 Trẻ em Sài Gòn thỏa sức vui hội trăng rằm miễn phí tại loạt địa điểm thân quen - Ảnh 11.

-*-

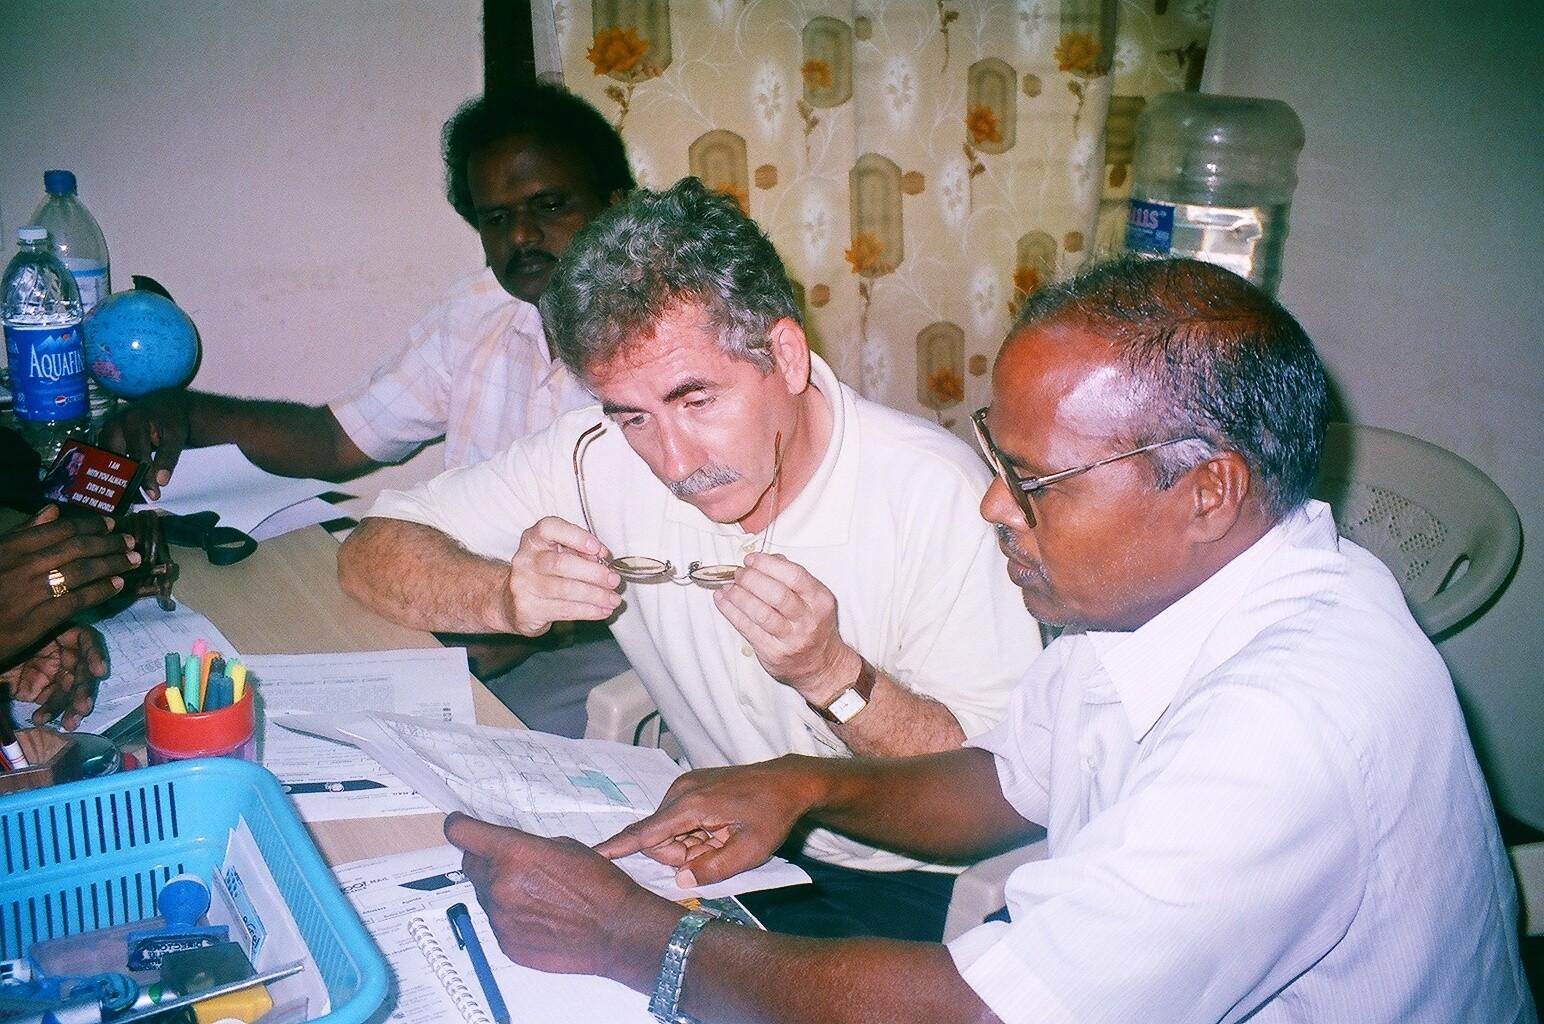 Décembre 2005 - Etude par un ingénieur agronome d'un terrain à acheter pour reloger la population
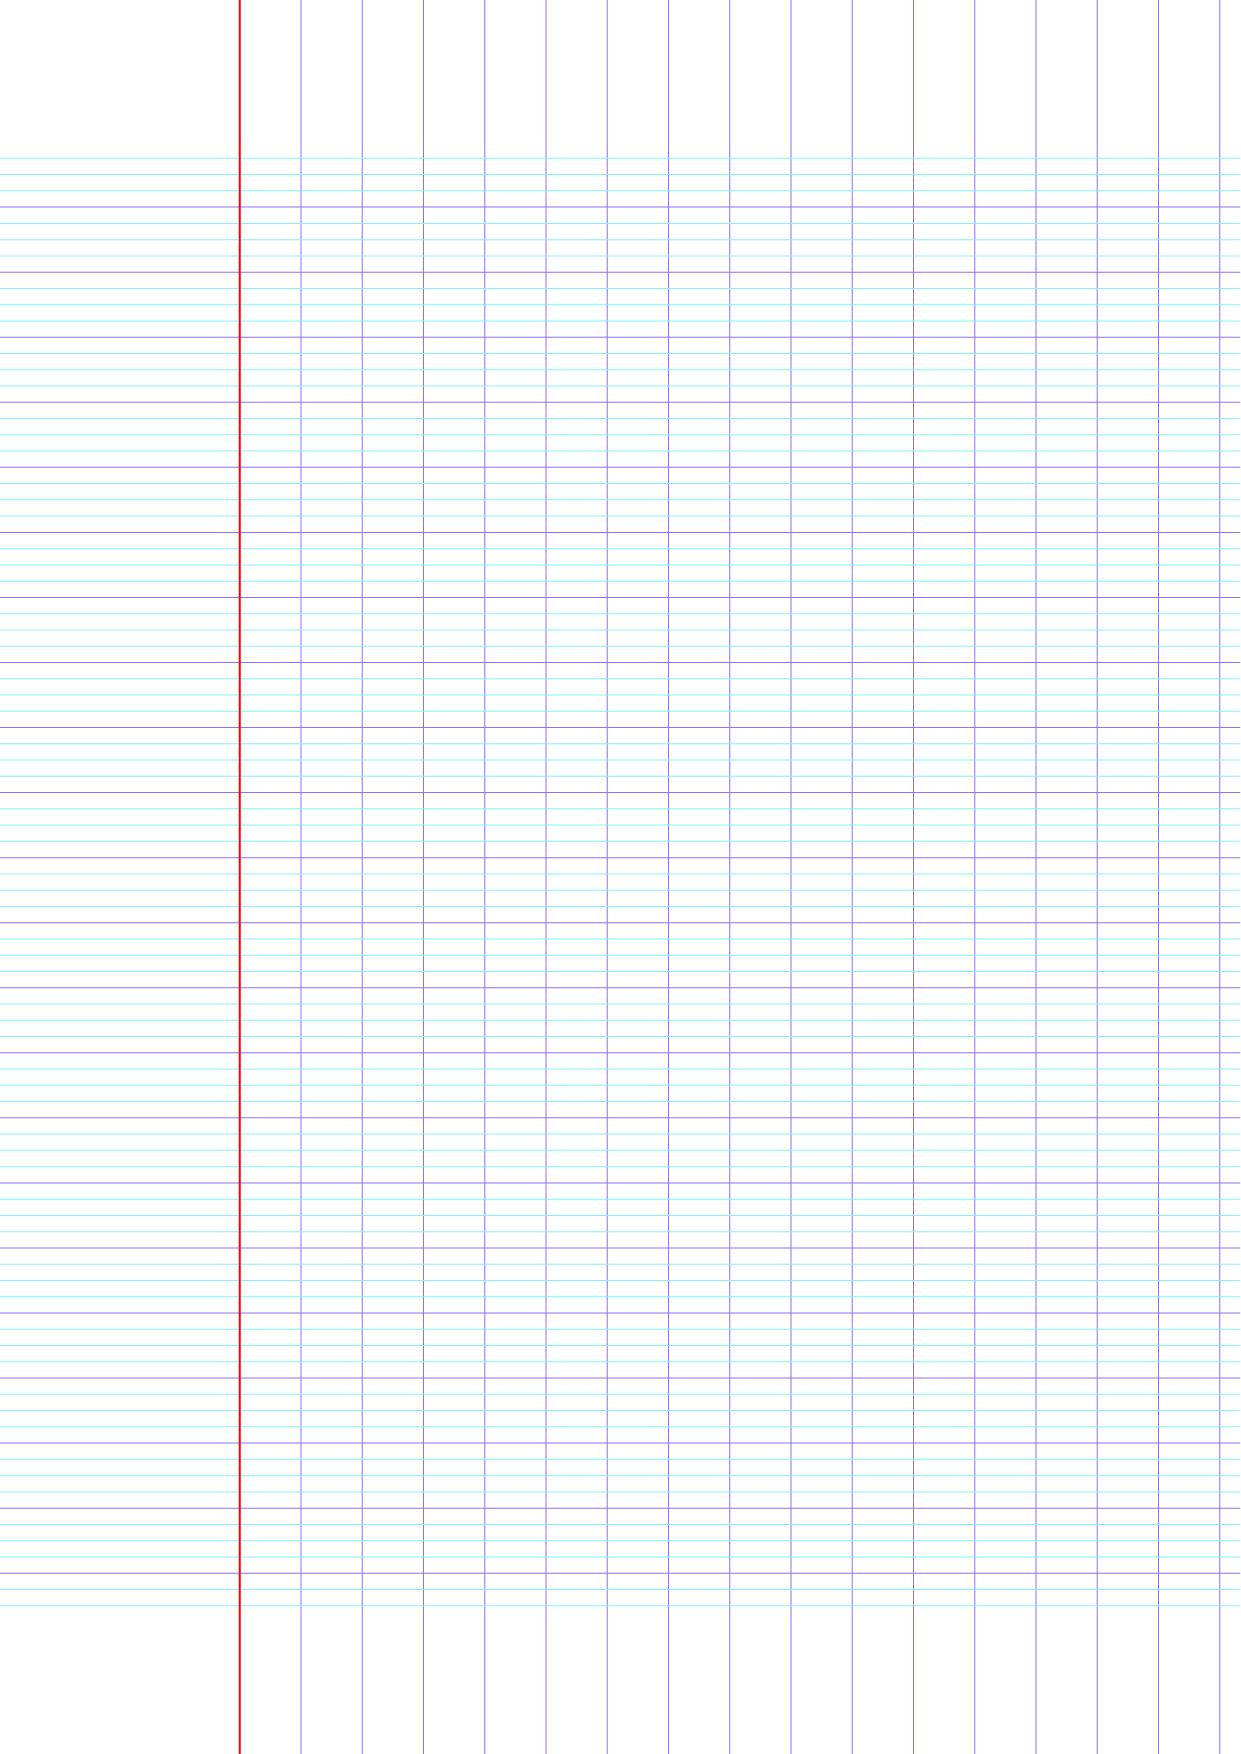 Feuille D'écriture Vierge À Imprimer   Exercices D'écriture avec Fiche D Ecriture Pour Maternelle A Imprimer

-*-

* Brief
Copy out exactly the lines above beginning with the line that contains "Décembre 2005 - Etude" and finishing with the line that contains "Feuille D'écriture Vierge", including both; leave the pictures out.

* Final answer
 Décembre 2005 - Etude par un ingénieur agronome d'un terrain à acheter pour reloger la population
 Feuille D'écriture Vierge À Imprimer   Exercices D'écriture avec Fiche D Ecriture Pour Maternelle A Imprimer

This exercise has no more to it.